● PROBLEM DETAILS: The full listing, exactly as written and with no images, is the expected output.

● DATASET SECTION:
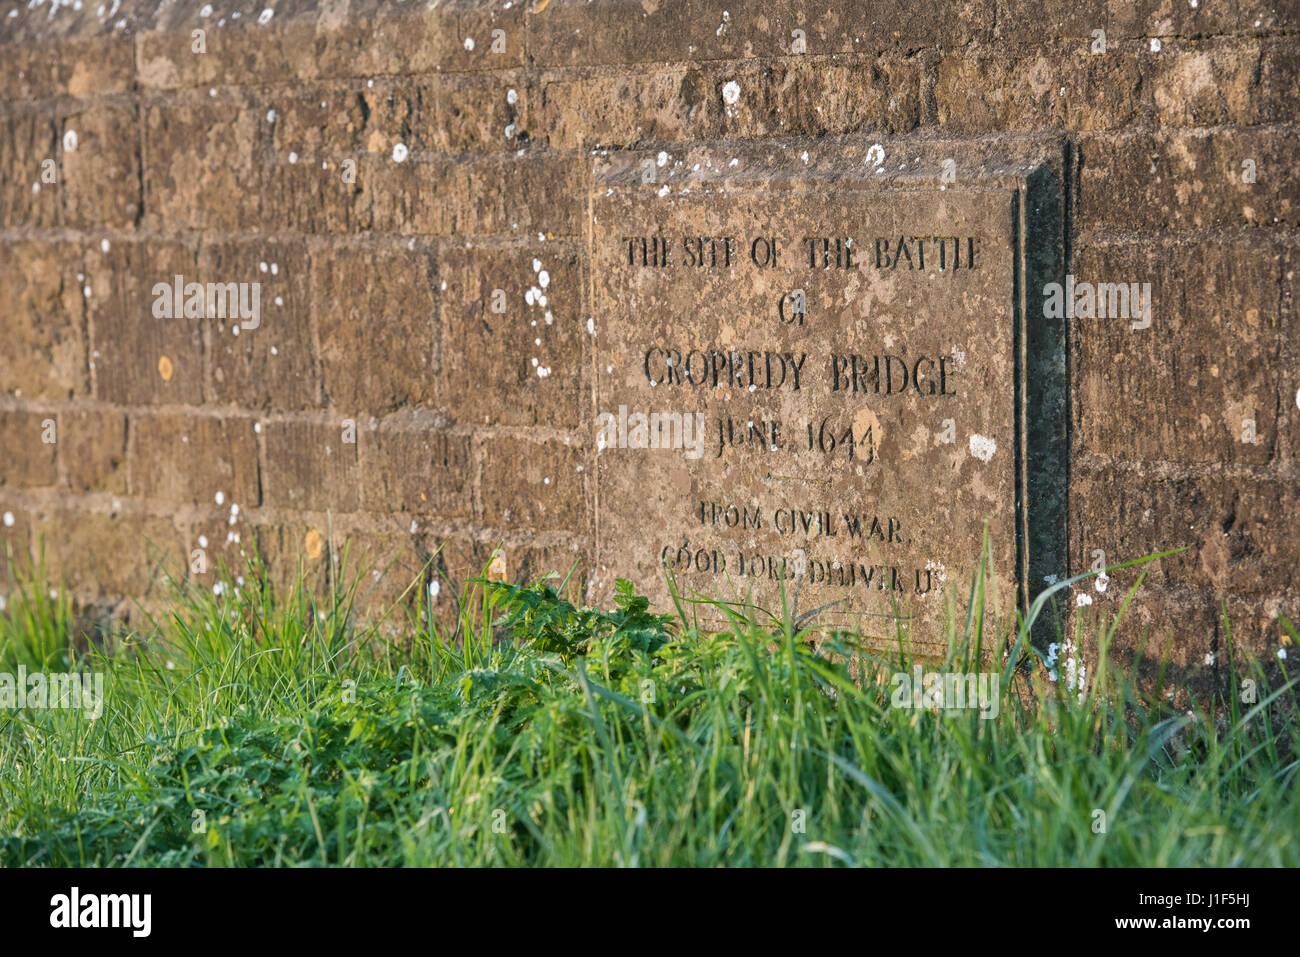 Battle of Cropredy Bridge stone plaque on the bridge in morning sunlight. Cropredy, Oxfordshire, England - Stock Image
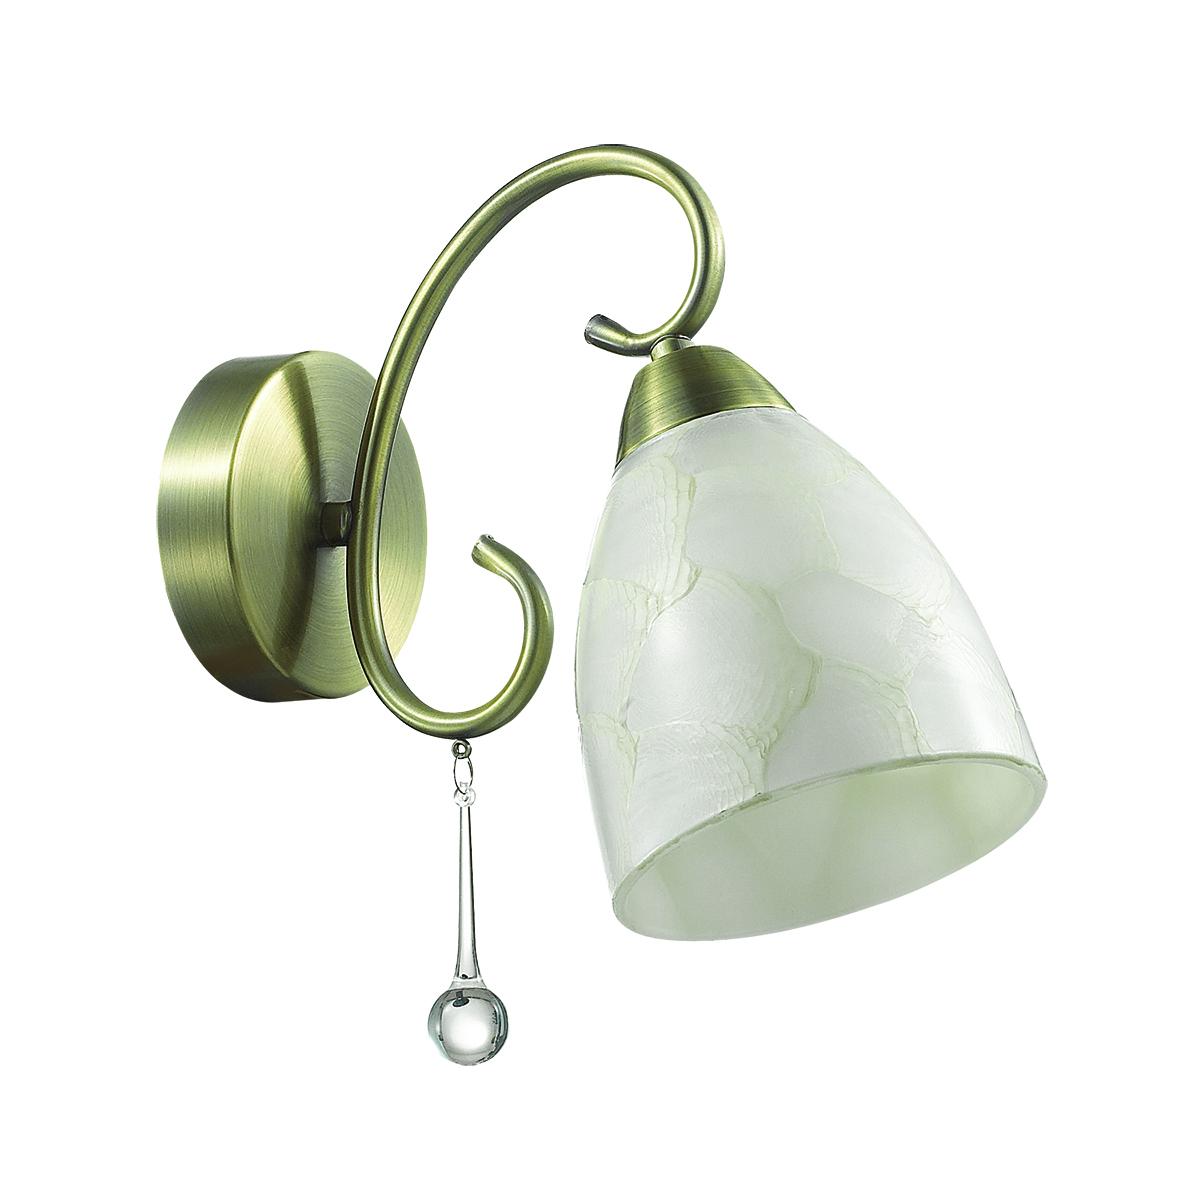 Бра Lumion Eleconca 3511/1W, 1xE27x60W, бронза, бежевый, прозрачный, металл, стекло - фото 2
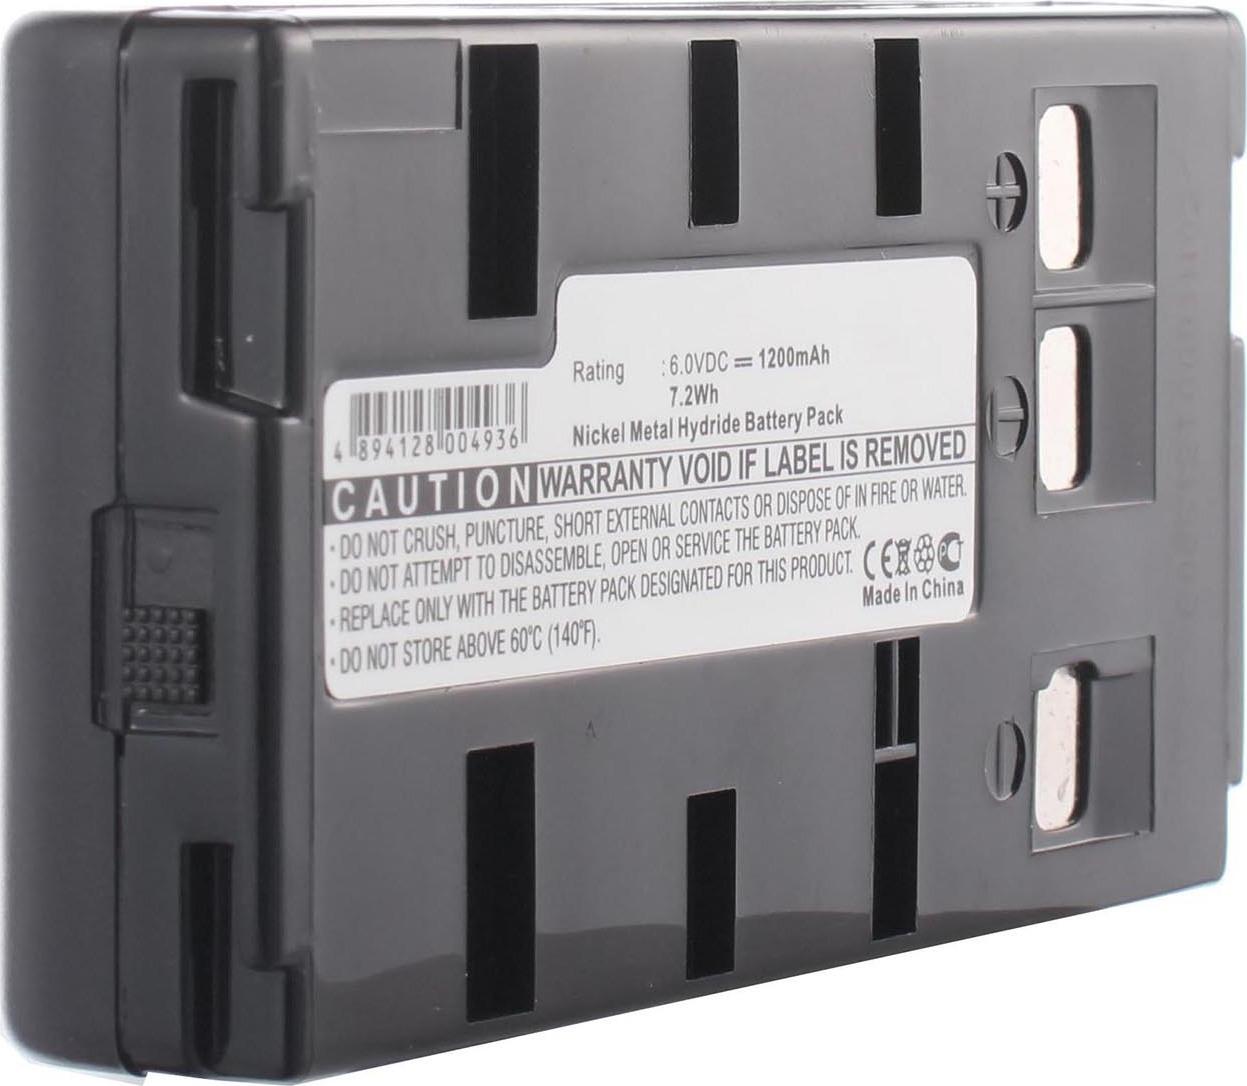 Аккумуляторная батарея iBatt iB-T3-F357 1200mAh для камер Panasonic NV-G120, NV-S250, NV-S800, NV-G101, NV-G220, NV-S600,  для Samsung VP-E405, VP-U12, VP-A30, VP-H65, VP-E807, VP-H66, VP-J52, VP-U10, VP-A50, VP-A55, VP-K75, VP-E808, VP-K85, VP-H68,

● EXERCISE RESPONSE:
 Battle of Cropredy Bridge stone plaque on the bridge in morning sunlight. Cropredy, Oxfordshire, England - Stock Image
 Бра Lumion Eleconca 3511/1W, 1xE27x60W, бронза, бежевый, прозрачный, металл, стекло - фото 2
 Аккумуляторная батарея iBatt iB-T3-F357 1200mAh для камер Panasonic NV-G120, NV-S250, NV-S800, NV-G101, NV-G220, NV-S600,  для Samsung VP-E405, VP-U12, VP-A30, VP-H65, VP-E807, VP-H66, VP-J52, VP-U10, VP-A50, VP-A55, VP-K75, VP-E808, VP-K85, VP-H68,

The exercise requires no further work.